The speed of improvement of tts models reminds me of early days of Stable Diffusion. Can't wait until I can generate audiobooks without infinite pain. If I was an investor I'd short Audible.
Isn’t it more like an art gallery of prints of paintings? The primary art is the text of the book (like the painting in the gallery), TTS (and printing a copy) are just methods of making the art available.
I think it can be argued that audiobook's add to the art by adding tone and inflection by the reader.
To me, what you're saying is the same as saying the art of a movie is in the script, the video is just the method of making it available. And I don't think that's a valid take
No, that's an incorrect analogy. The script of a movie is an intermediate step in the production process of a movie. It's generally not meant to be seen by any audiences.
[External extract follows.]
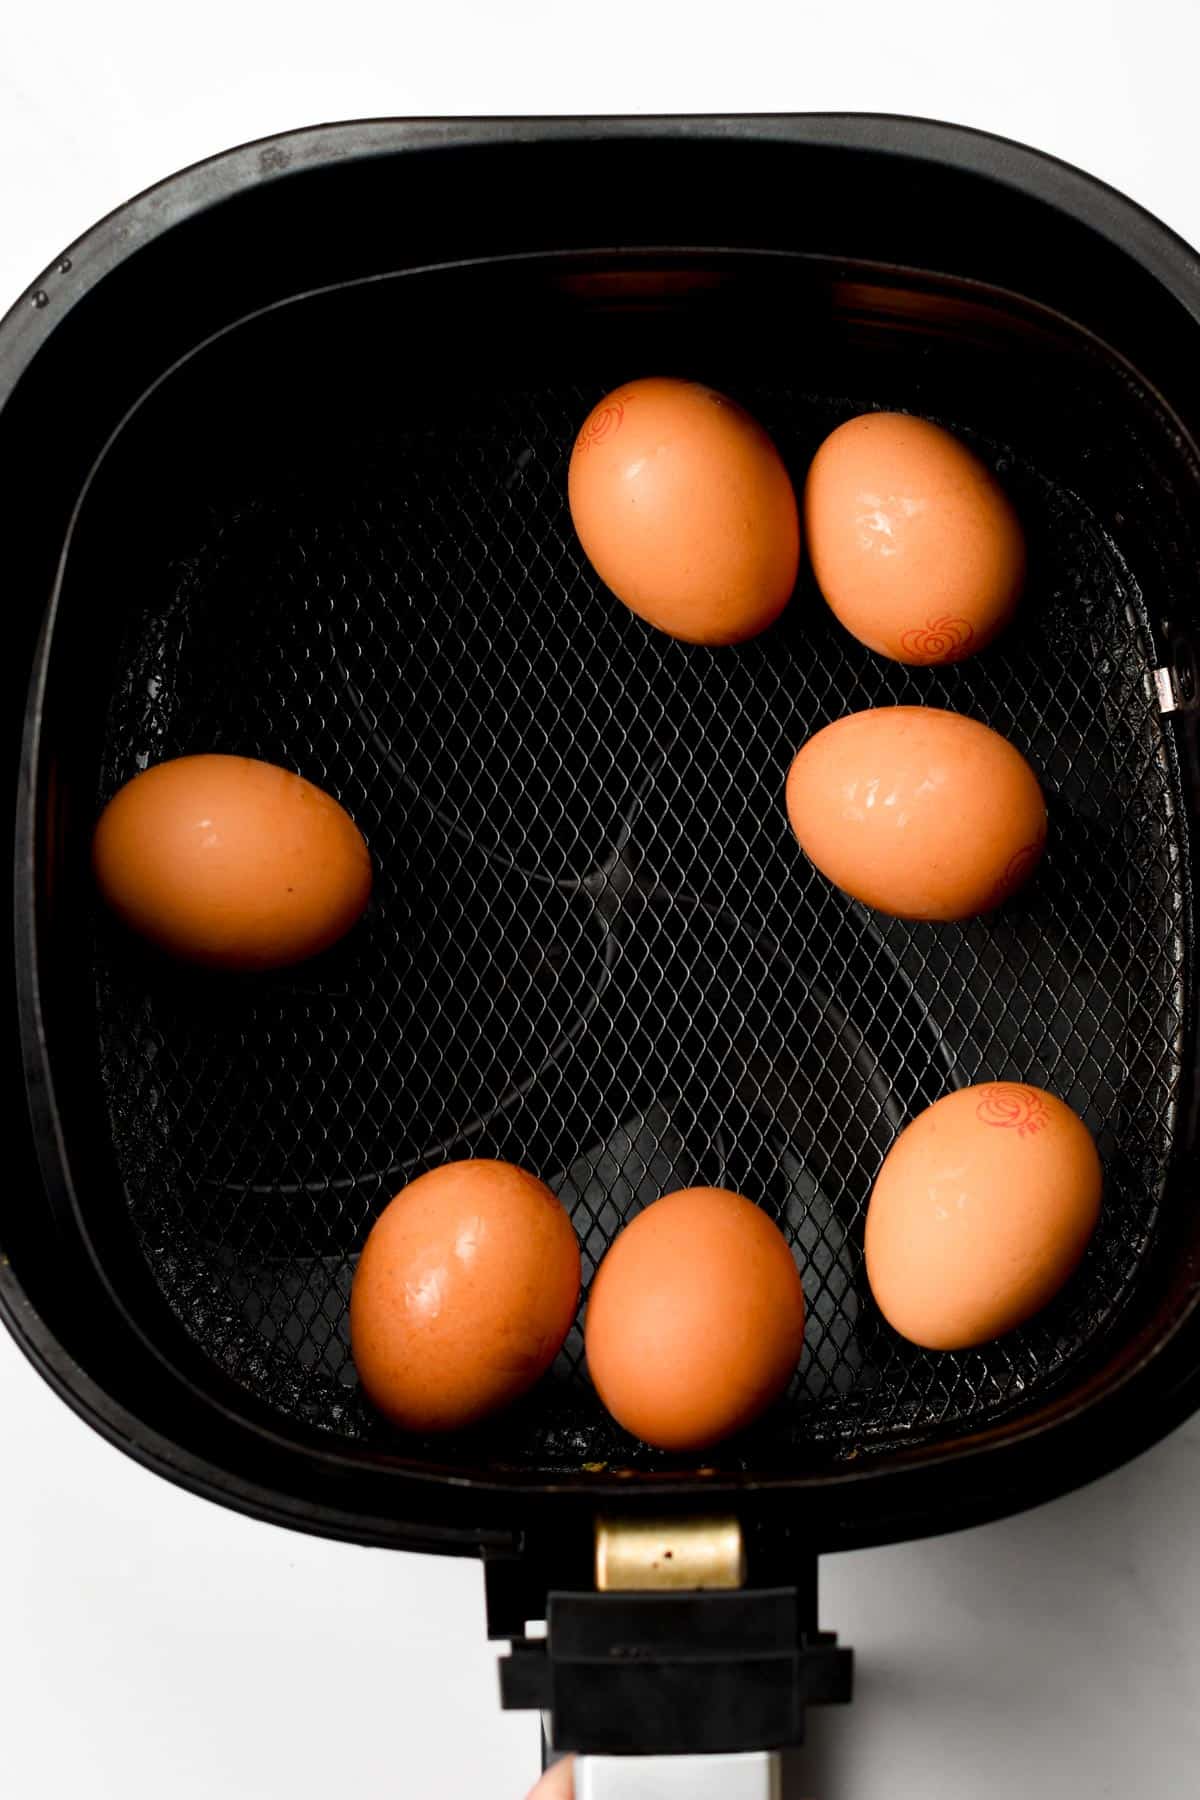 Preparing eggs in an air fryer

The script for example doesn't contain any cinematography or any soundtrack or any performances by actors. Meanwhile, a written work is a complete expressive work ready for consumption. It doesn't contain a voice, but that's because the intention is for the reader to interpret the voice into it. A voice actor can do that, but that's just an interpretation of the work. It's not one-to-one, but it's not unlike someone sitting next to you in the theater and telling you what they think a scene means.
So yes, I mostly agree with GP. An audiobook is a different rendering of the same subject. The content is in the text, regardless of whether it's delivered in written or oral form.
It's not perfect, but I already have a setup for doing this on my phone. Add SherpaTTS and Librera Reader to your phone. (both available free on fdroid).
Set up SherpaTTS as the voice model for your phone (I like the en_GB-jenny_dioco-medium voice option, but there are several to choose from). Add a ebook to librera reader and open it. There's an icon with a little person wearing headphones, which lets you send the text continuously to your phone's tts, using just local processing on the phone. I don't have the latest phone but mine is able to process it faster than the audio is read, so the audio doesn't stop and start.
The voice isn't totally human sounding, but it's a lot better than the microsoft sam days, and once you get used to it the roboticness fades into the background and I can just listen to the story. You may get better results with kokoro (I couldn't get it running on my phone) or similar tts engines and a more powerful phone.
One thing I like about this setup is that if you want to swap back and forth between audio and text, you can. The reader scrolls automatically as it makes the audio, and you can pause it, read in silence for a while yourself and later set it going from a new point.
I feel like TTS is one of the areas that as evolved the least. Small TTS models have been around for like 5+ years and they've only gotten incrementally better. Giants like ElevenLabs make good sounding TTS but it's not quite human yet and the improvements get less and less each iteration.